Peruvian scientist José Marengo, who has worked for many years in Brazil, warned that the region lacks “a coordinated effort in information sharing on climate and water, and there are no organized efforts among countries to confront climate change.”

Veterinarian and rural sociology expert Edith Fernández-Baca Pacheco, also of Peru, added that “the contingency plans at the regional level, or warning systems for extreme weather events, if they exist, are in the developing stages.”

The region's agricultural sector must also contribute to fighting climate change by reducing emissions of carbon dioxide from deforestation and of methane from livestock production.

The Brazilian government took a step in that direction on Nov. 13 when it announced its commitment to reduce by 36.1 to 38.9 percent the greenhouse gas emissions the country is projected to produce by 2020 under current trends, as well as to maintain gross domestic product (GDP) growth of five to six percent a year.

A problem in Latin America's mountainous regions is the ever-faster shrinking of glaciers, which are the planet's largest reservoir of freshwater. With warmer climate, they are not being recharged during the winter months.

In 2004, Chacaltaya mountain, which rises 5,300 meters near the Bolivian capital, La Paz, “lost one of the highest glaciers” in South America, states the report. Although scientists had predicted the glacier would disappear in 2013, it happened earlier this year.

Shrinking glaciers throughout the Andes puts many of the region's cities at risk of water shortages.

Marengo, the Peruvian expert in meteorology and one of the contributors to the IPCC reports, believes that alternatives to water supplies from the glaciers – desalinization of seawater, deep wells or connecting watersheds through giant infrastructure projects – are too costly.

Furthermore, “the Andean countries are highly dependent on hydroelectric energy,” pointed out John Nash, the World Bank's lead economist for Latin America and the Caribbean. Many of the region's dams need water from the glaciers to operate, especially during the dry season when rains are not refilling reservoirs.

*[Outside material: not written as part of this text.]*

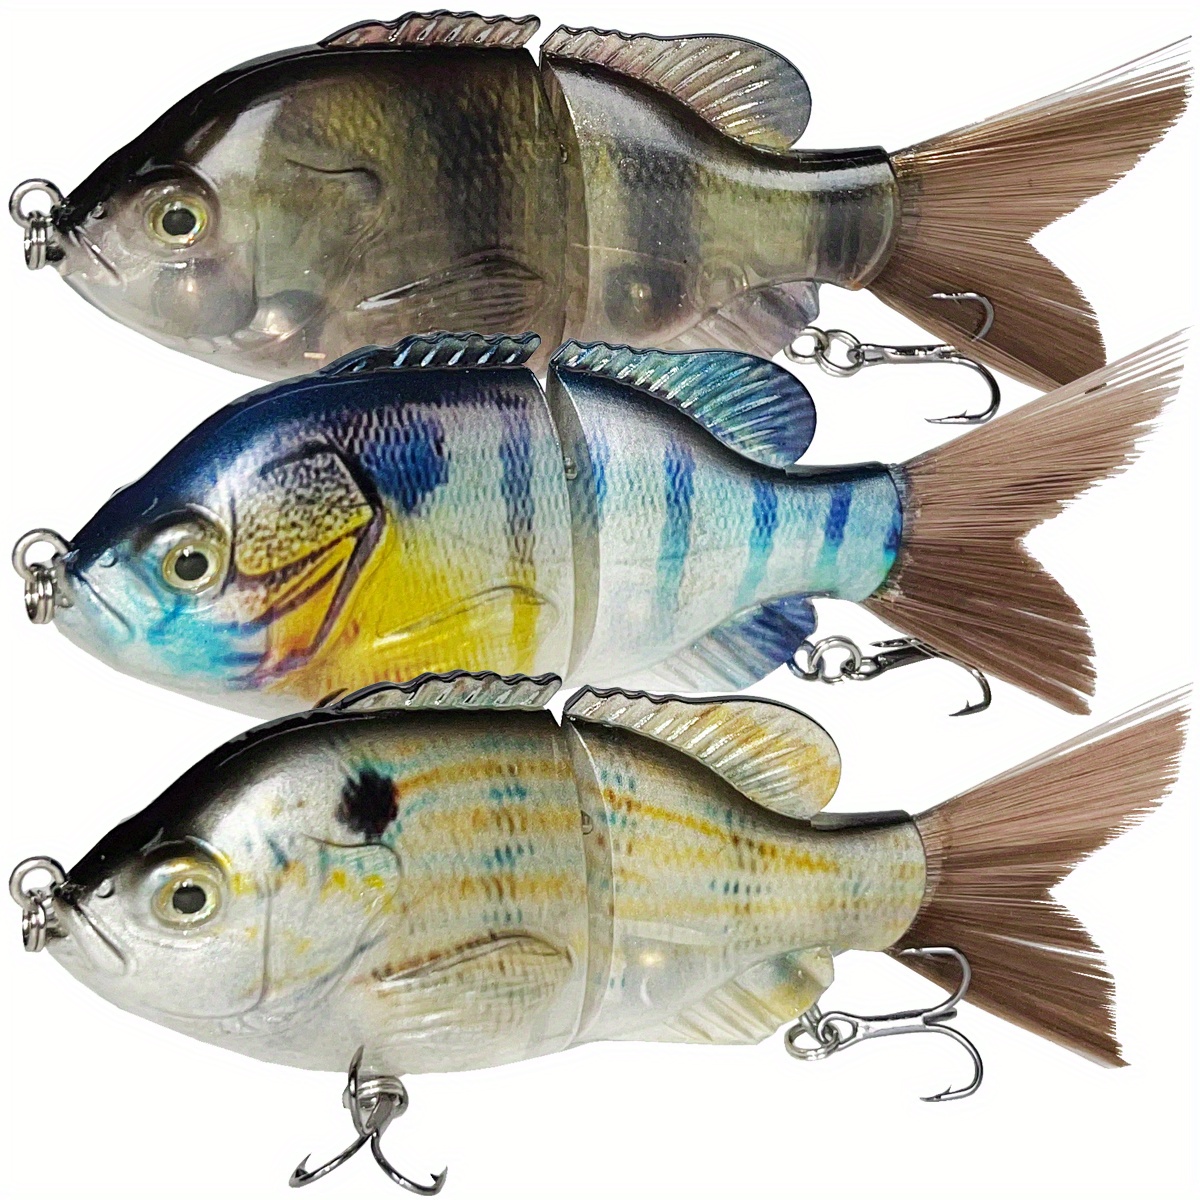 DaMiRa fishing lures for bass Robotic Swimming Lure Multi-Section

Latin America also feels other effects of global warming that could be irreversible, such as the transformation of the Amazon jungle into savanna, the deterioration and loss of mangrove forests, and the dramatic reshaping of the coastline as a result of rising sea levels.

Further evidence of climate change is the expansion of disease vectors to areas beyond their normal habitat. This is the case of the Anopheles mosquito, which transmits malaria, and has spread from tropical zones at less than 1,000 meters above sea level to zones higher than 2,000 meters.

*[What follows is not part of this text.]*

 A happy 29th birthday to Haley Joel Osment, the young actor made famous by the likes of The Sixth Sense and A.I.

And biodiversity is also feeling the pressure. An increase of three to four degrees Celsius over the next 50 years “will be the main cause of the potential death of the Amazon forests,” says the report.

Even under scenarios of relatively low greenhouse gas emissions, regions like Central America and the Andes will see a turnover of species of more than 90 percent.

Mario Bidegain, of the atmospheric sciences unit at the University of the Republic of Uruguay, put a darker spin on the persistence of uncertainties.

“It is still being debated at the scientific level that if we reach a temperature increase of more than two degrees Celsius, it could give rise to a new state of equilibrium in the climate system, which could make a large portion of the human population disappear from the planet,” he said.